Solution to Abstract Algebra by Dummit & Foote 3rd edition Chapter 4.2 Exercise 4.2.2
Solution: We use the notation $\sigma(k) = \sigma \cdot k$.
(1) $1 \mapsto 1$
(2) We have $$(1\ 2)(1) = (1\ 2) = 2,$$ $$(1\ 2)(2) = (1\ 2)(1\ 2) = 1,$$ $$(1\ 2)(3) = (1\ 2)(2\ 3) = (1\ 2\ 3) = 5,$$ $$(1\ 2)(4) = (1\ 2)(1\ 3) = (1\ 3\ 2) = 6,$$ $$(1\ 2)(5) = (1\ 2)(1\ 2\ 3) = (2\ 3) = 3,$$ and $$(1\ 2)(6) = (1\ 2)(1\ 3\ 2) = (1\ 3) = 4.$$ Thus $(1\ 2) \mapsto (1\ 2)(3\ 5)(4\ 6)$.

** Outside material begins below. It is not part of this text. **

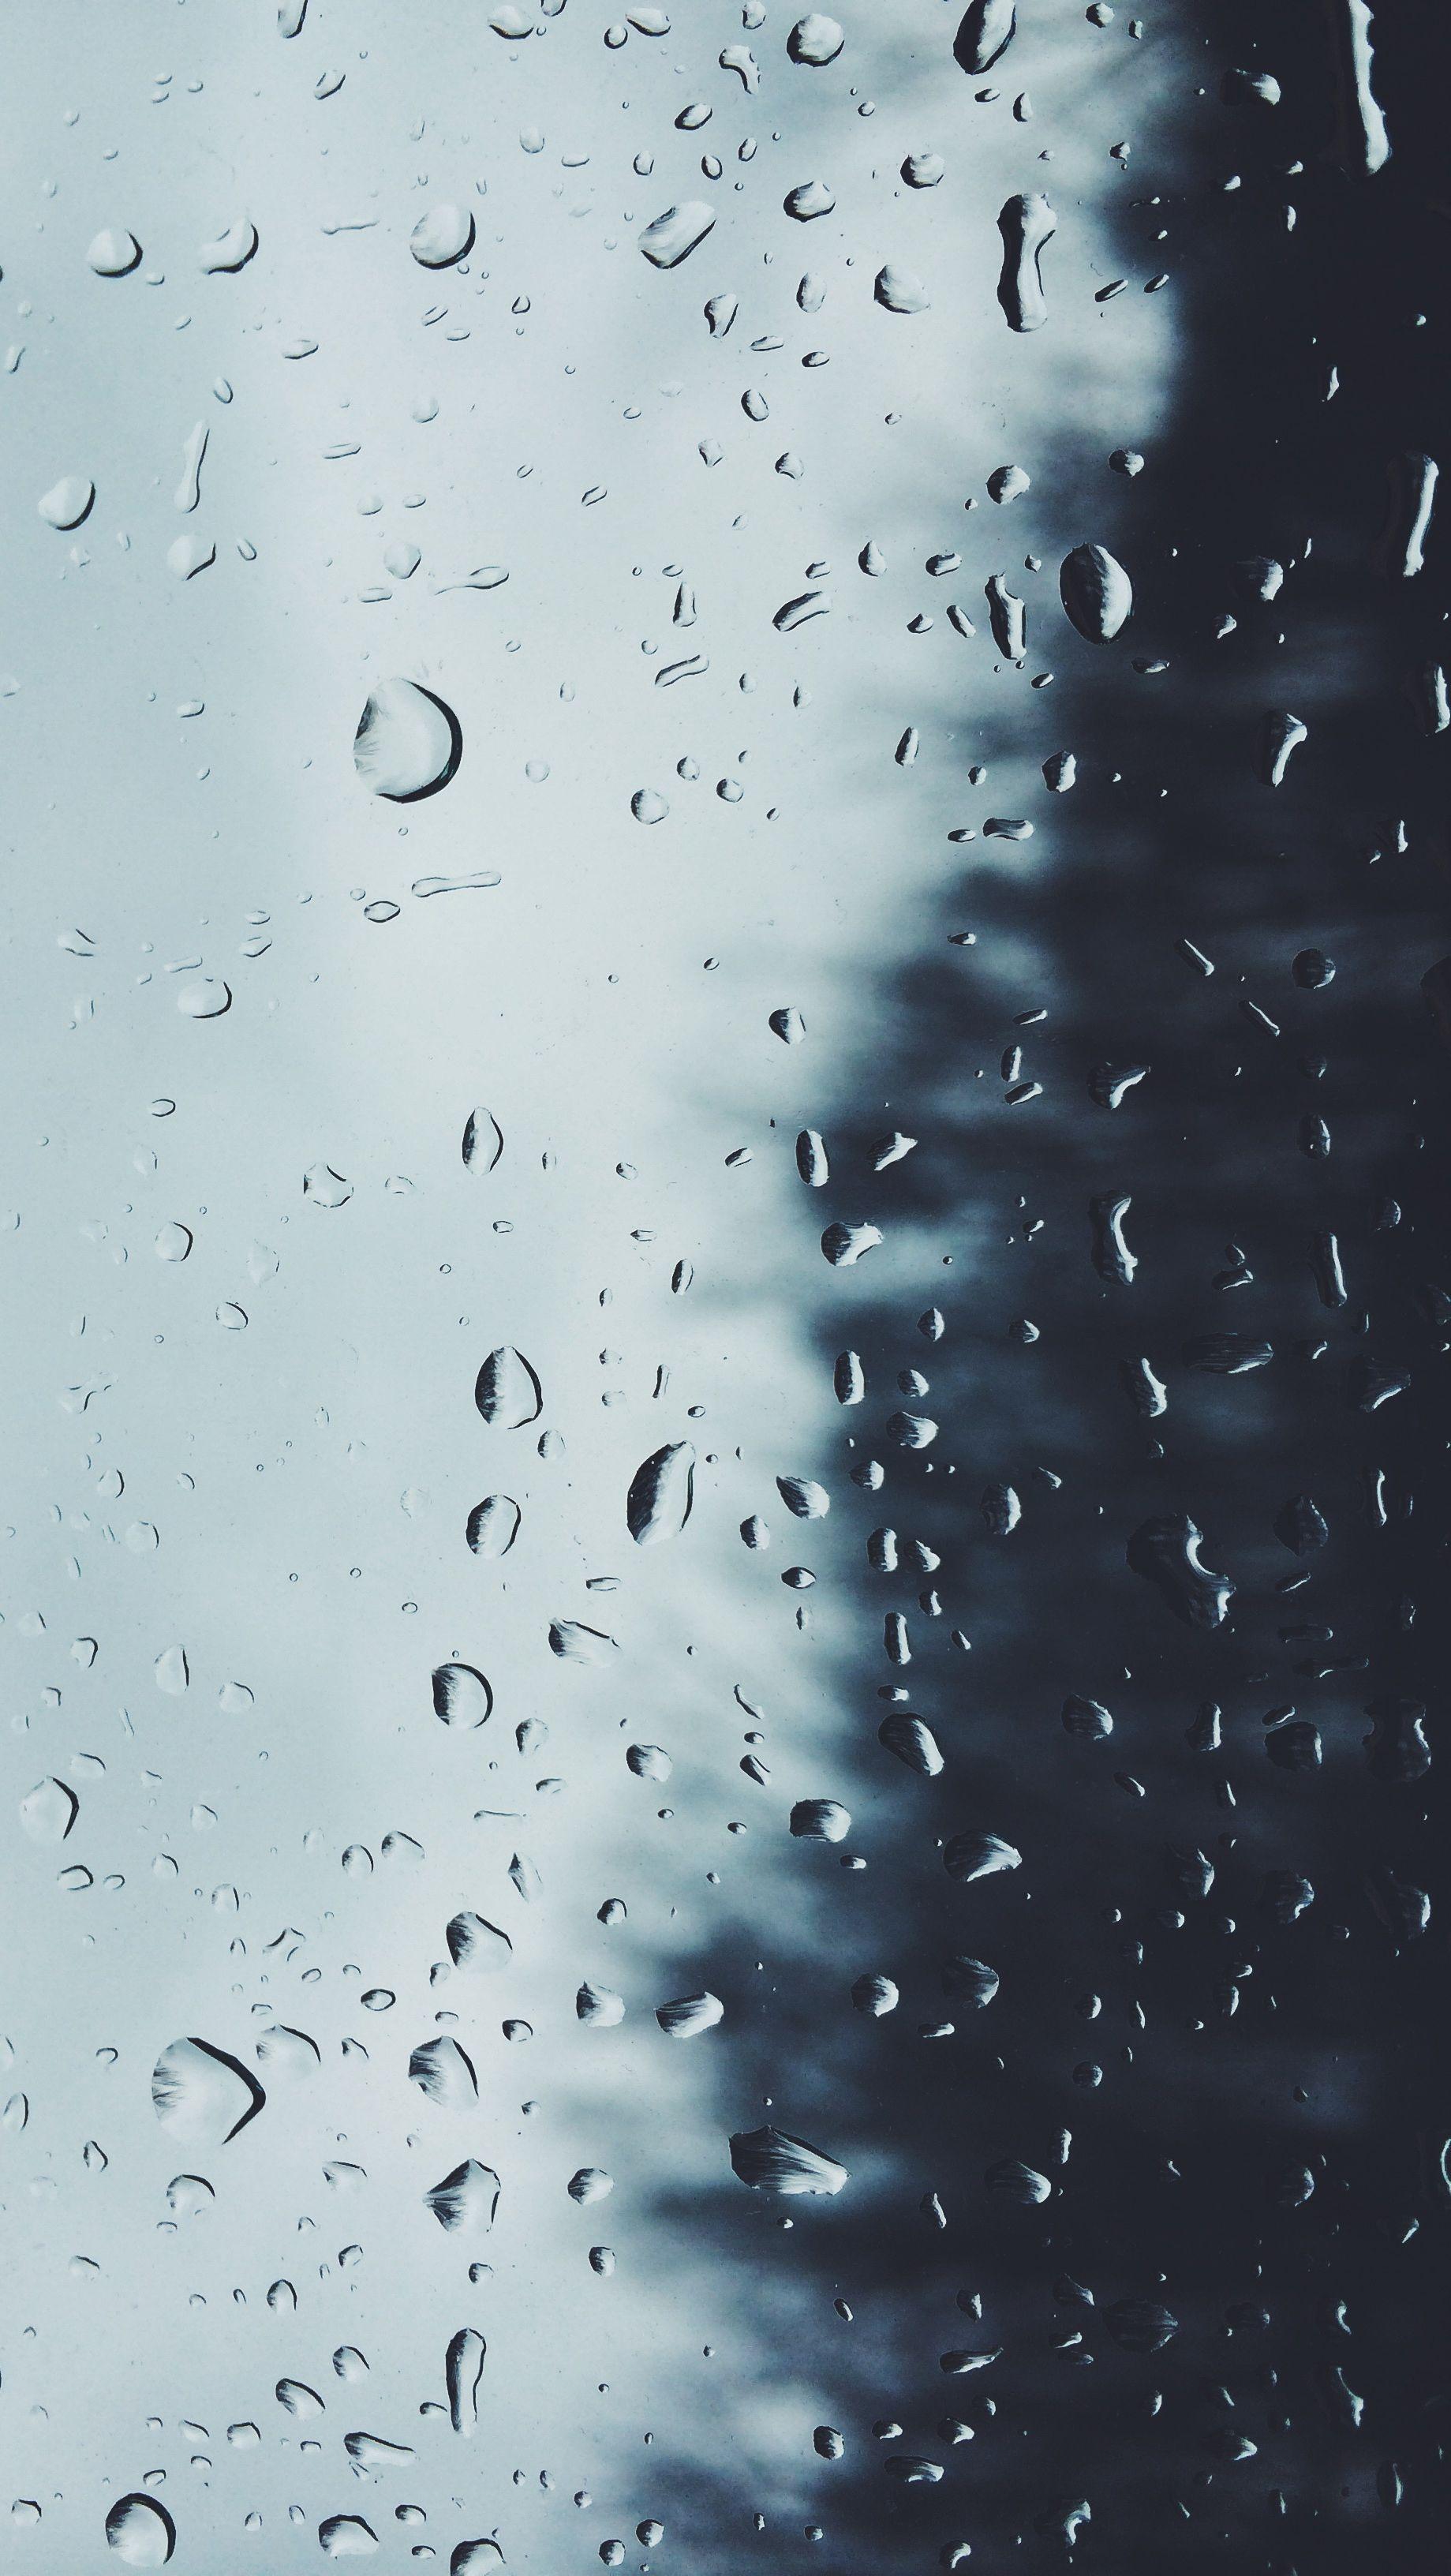 Rainy Windows Will Vastine Photographer Adventurer

(3) We have $$(2\ 3)(1) = (2\ 3) = 3,$$ $$(2\ 3)(2) = (2\ 3)(1\ 2) = (1\ 3\ 2) = 6,$$ $$(2\ 3)(3) = (2\ 3)(2\ 3) = 1,$$ $$(2\ 3)(4) = (2\ 3)(1\ 3) = (1\ 2\ 3) = 5,$$ $$(2\ 3)(5) = (2\ 3)(1\ 2\ 3) = (1\ 3) = 4,$$ and $$(2\ 3)(6) = (2\ 3)(1\ 3\ 2) = (1\ 2) = 2.$$ Thus $(2\ 3) \mapsto (1\ 3)(2\ 6)(4\ 5)$.

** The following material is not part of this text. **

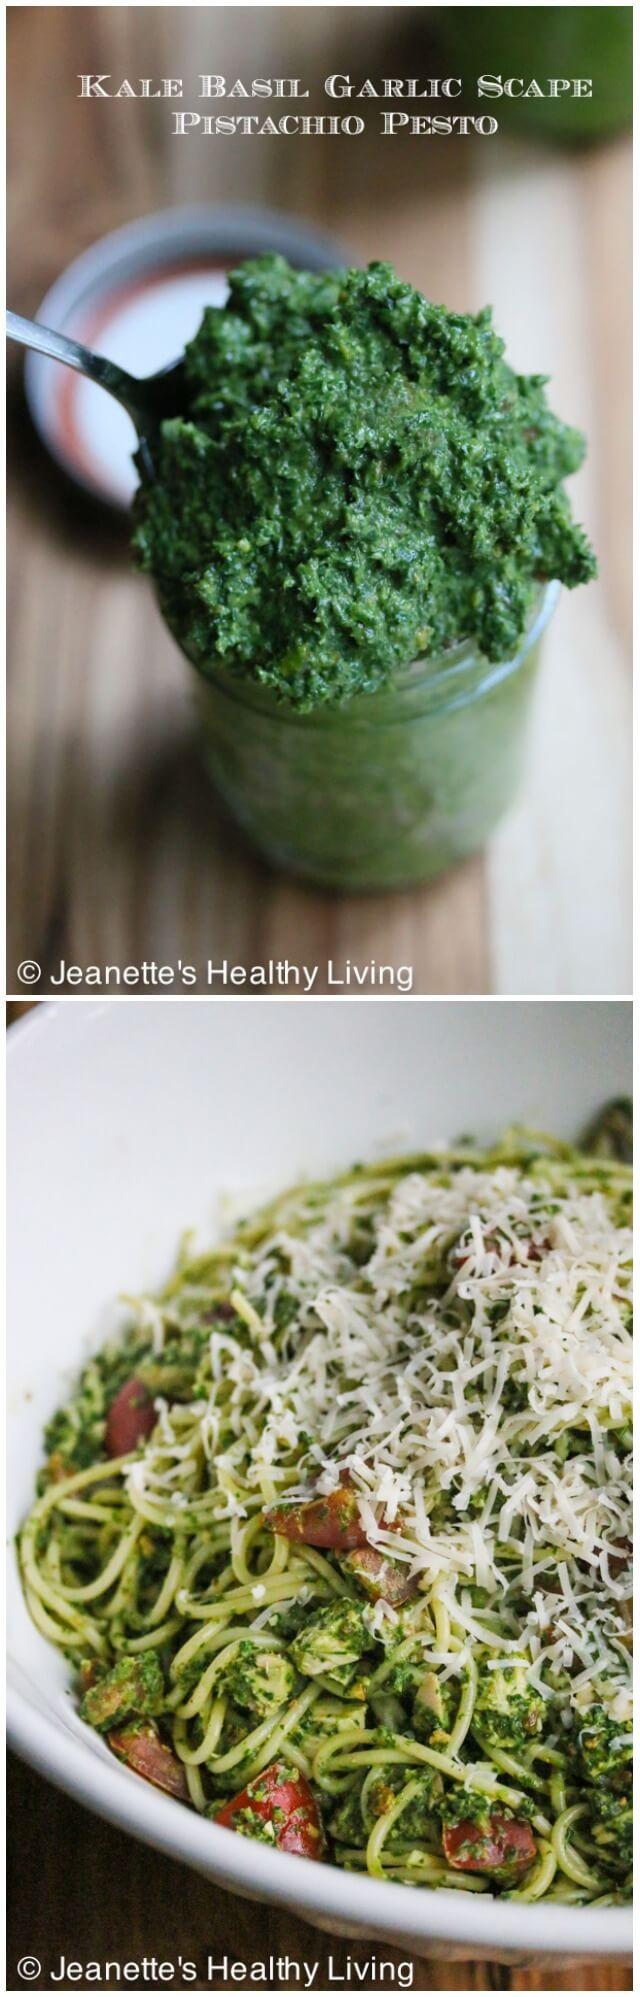 Kale Basil Garlic Scape Pistachio Pesto © Jeanette's Healthy Living

(4) We have $$(1\ 3)(1) = (1\ 3) = 4,$$ $$(1\ 3)(2) = (1\ 3)(1\ 2) = (1\ 2\ 3) = 5,$$ $$(1\ 3)(3) = (1\ 3)(2\ 3) = (1\ 3\ 2) = 6,$$ $$(1\ 3)(4) = (1\ 3)(1\ 3) = 1,$$ $$(1\ 3)(5) = (1\ 3)(1\ 2\ 3) = (1\ 2) = 2,$$ and $$(1\ 3)(6) = (1\ 3)(1\ 3\ 2) = (2\ 3) = 3.$$ Thus $(1\ 3) \mapsto (1\ 4)(2\ 5)(3\ 6)$.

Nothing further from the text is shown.